### EXTRACTED MATERIAL
━━━━━━━━━━━━━━━━
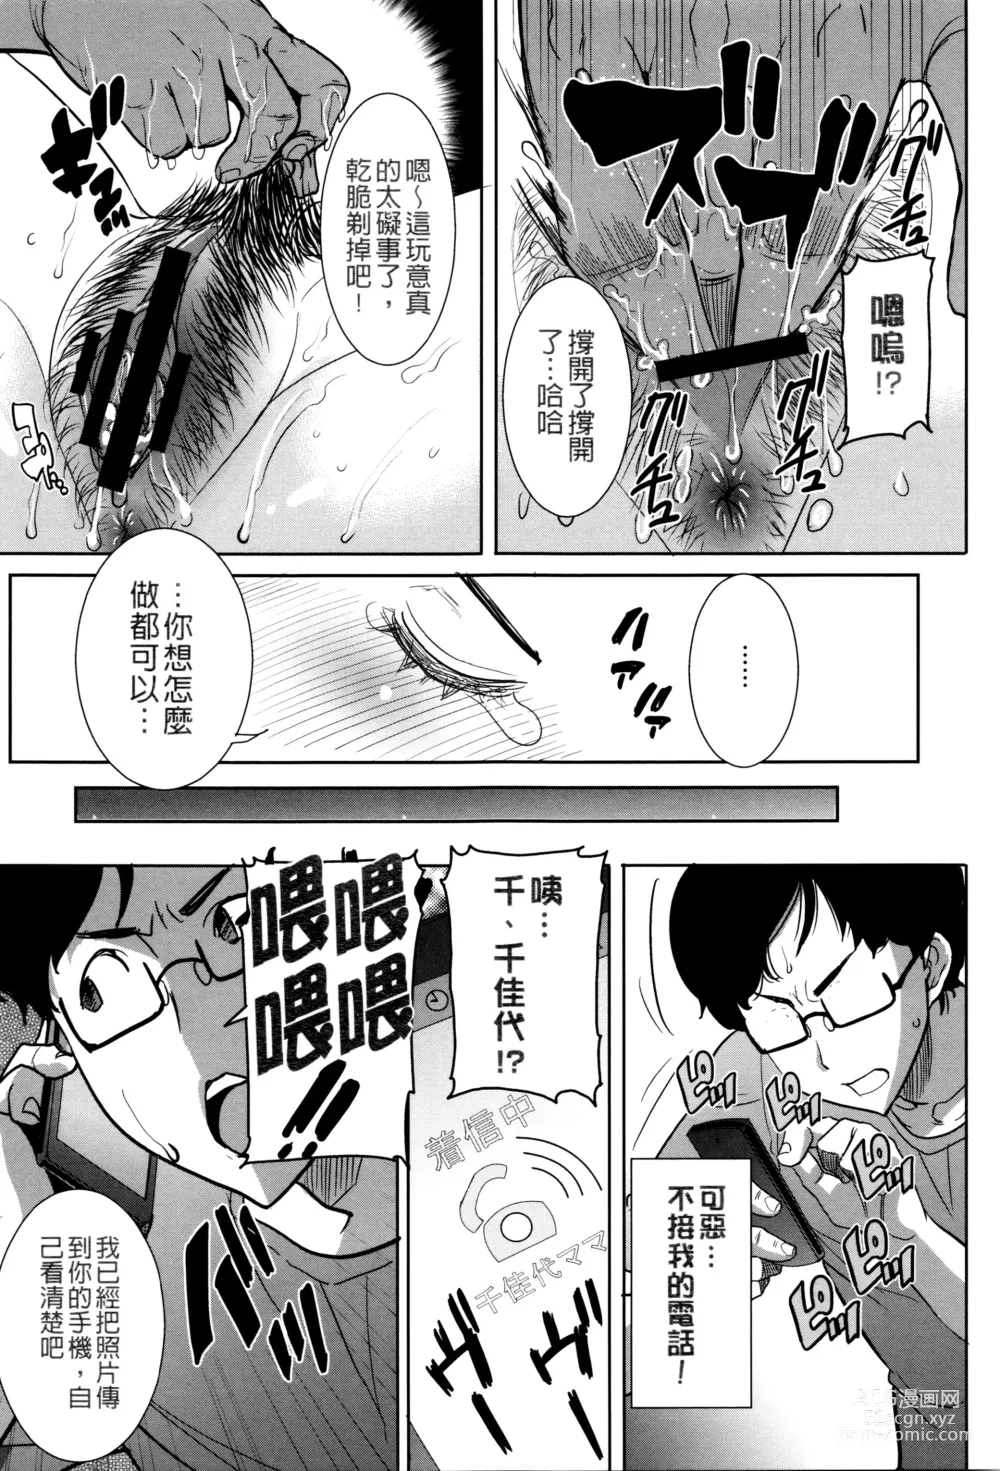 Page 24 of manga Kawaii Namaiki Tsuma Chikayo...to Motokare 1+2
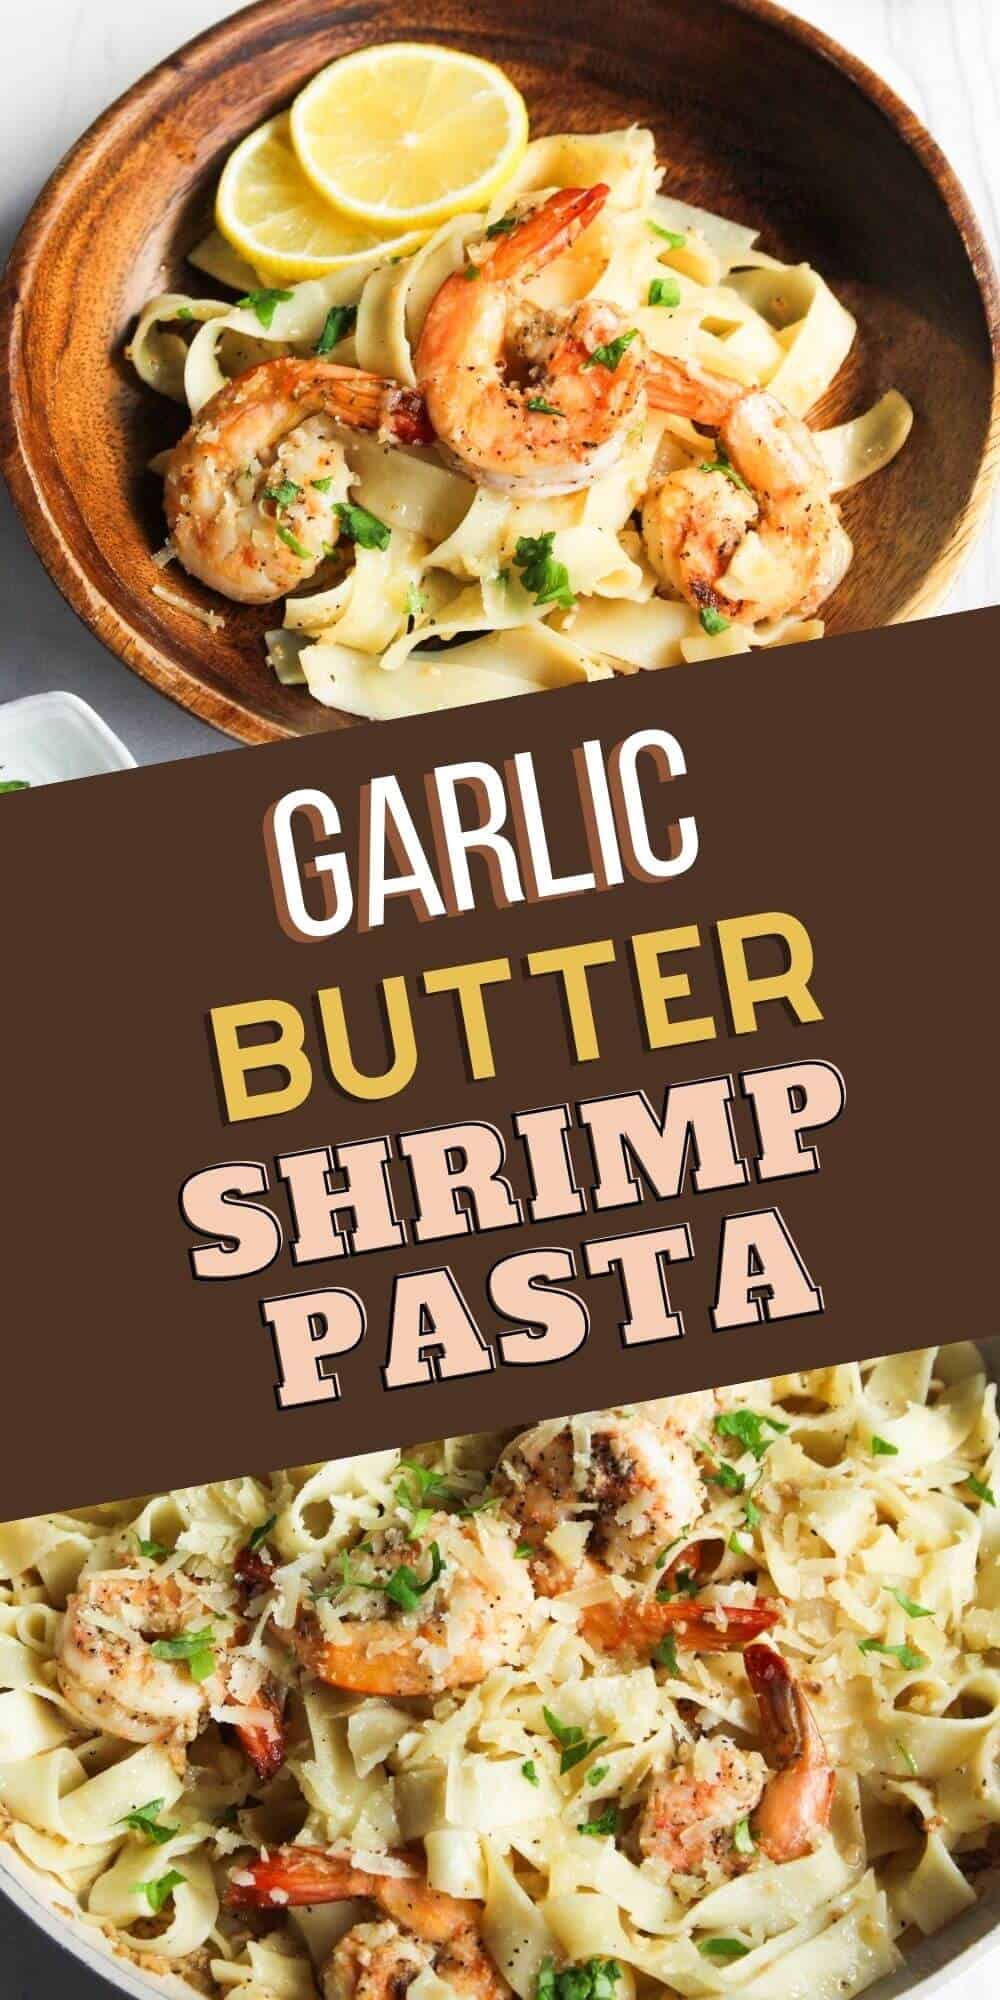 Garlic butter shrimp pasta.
━━━━━━━━━━━━━━━━
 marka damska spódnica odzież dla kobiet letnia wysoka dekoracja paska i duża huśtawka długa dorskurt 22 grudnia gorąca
━━━━━━━━━━━━━━━━
### WORK INSTRUCTIONS
Using the material above, transcribe exactly the lines from the one holding "Page 24 of manga" to the one holding "Garlic butter shrimp pasta.", both ends kept. Do not carry over any pictures.

### ANSWER SPACE
 Page 24 of manga Kawaii Namaiki Tsuma Chikayo...to Motokare 1+2
 Garlic butter shrimp pasta.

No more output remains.